The spokesperson could not say if the president would have time to meet with the PM before his scheduled work trip to the US next week. According to Grigorij Mesežnikov, the head of the Institute for Public Affairs, the cancelled meeting signals that the president is not convinced about Malchárek's qualifications.
"It seems that at the back of the president's mind there are reasons for mulling over the nomination. His decision to cancel the meeting came shortly after the HZD [the party that Gašparovič founded before becoming Slovak president] expressed doubts about Malchárek's capabilities," said Mesežnikov.
The analyst thinks that the president will eventually approve Malchárek's nomination, however. Refusing his approval would unnecessarily "complicate the situation for the PM and the cabinet", he said. Mesežnikov admitted that the nomination was a political move, rather than a decision based on Malchárek's expertise.
"In the current political situation, Malchárek simply represents a group of MPs that can lend stability to the government. The question of [Malchárek's] expertise in the given field is probably secondary, even to the coalition partners," he said.

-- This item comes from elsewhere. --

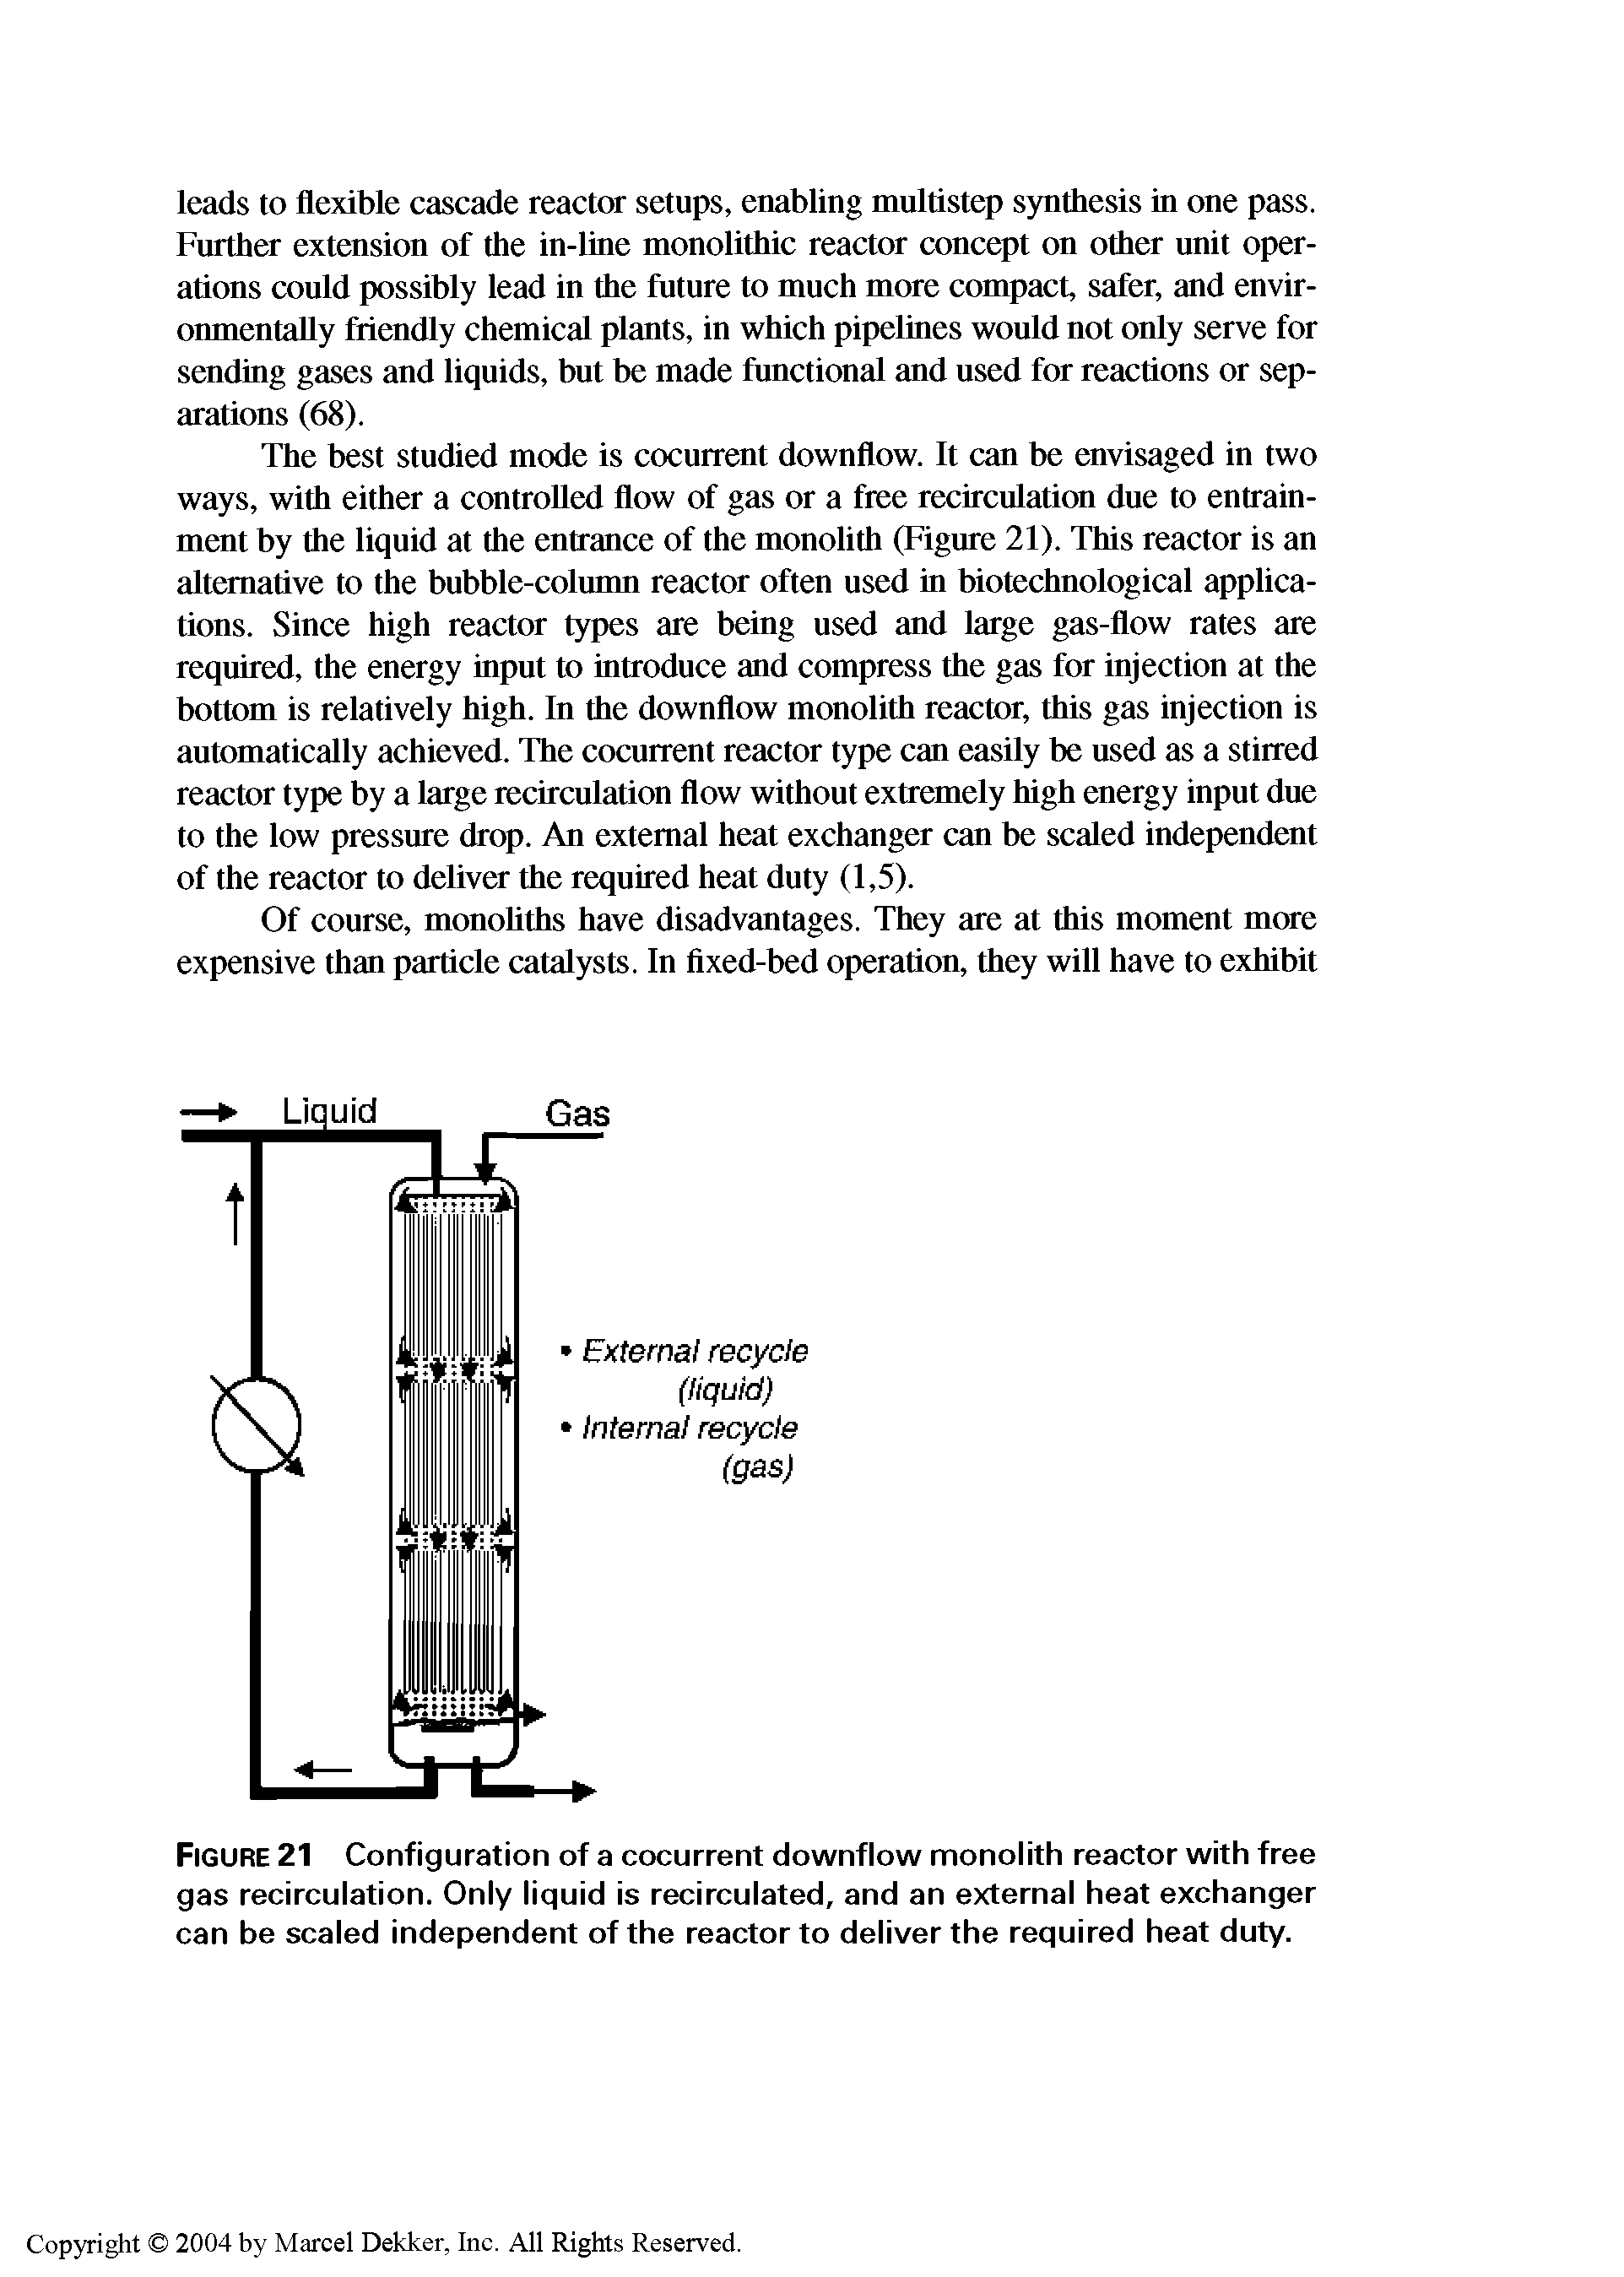 Figure 21 Configuration of a cocurrent downflow monolith reactor with free gas recirculation. Only liquid is recirculated, and an external heat exchanger can be scaled independent of the reactor to deliver the required heat duty.

ANO spokesperson Magda Krasulová, a Rusko loyalist, said that Dzurinda's acceptance of Malchárek's nomination "is just a continuation" of the government's war against Rusko.
"It confirms that the MPs surrounding Lintner are only interested in personal gain, power and influence," Krasulová told The Slovak Spectator on September 7.
The ANO has called a special party congress for September 10. Lintner's splinter group is getting ready to attend the meeting as well.
Krasulová would not comment on Lintner's alleged plan to challenge Rusko as ANO party chairman during the congress meeting, although she did say that Lintner and his peers "have no real support inside the ANO". Lintner was not available for comment.
Analyst Mesežnikov does not expect Lintner's faction to come out on top after the party's congress.
"I expect Lintner and his group will leave the party. Most of the ANO delegates will not join them, since Lintner's group's future is unsure and their positions weak. Rusko on the other hand still maintains a strong position within the party," he said.
ANO MPs will have to nominate a new deputy transport minister as well.
Vladimír Menich, a Rusko supporter, stepped down as deputy transport minister on September 5 to protest the ruling coalition's refusal to work with Rusko's ANO.
"The group of MPs surrounding Ľubomír Lintner, with whom the ruling coalition has chosen to cooperate, does not represent the ANO party members or the political leadership of the ANO. My departure is therefore a logical outcome of this situation," Menich said at his resignation.
Mesežnikov is pretty sure that the coalition will survive until the end of the current election term - autumn 2006.
"Most of the difficult reforms have already been passed. Provided the government does not try to push controversial laws, the ruling coalition should be able to complete the term as planned," he said.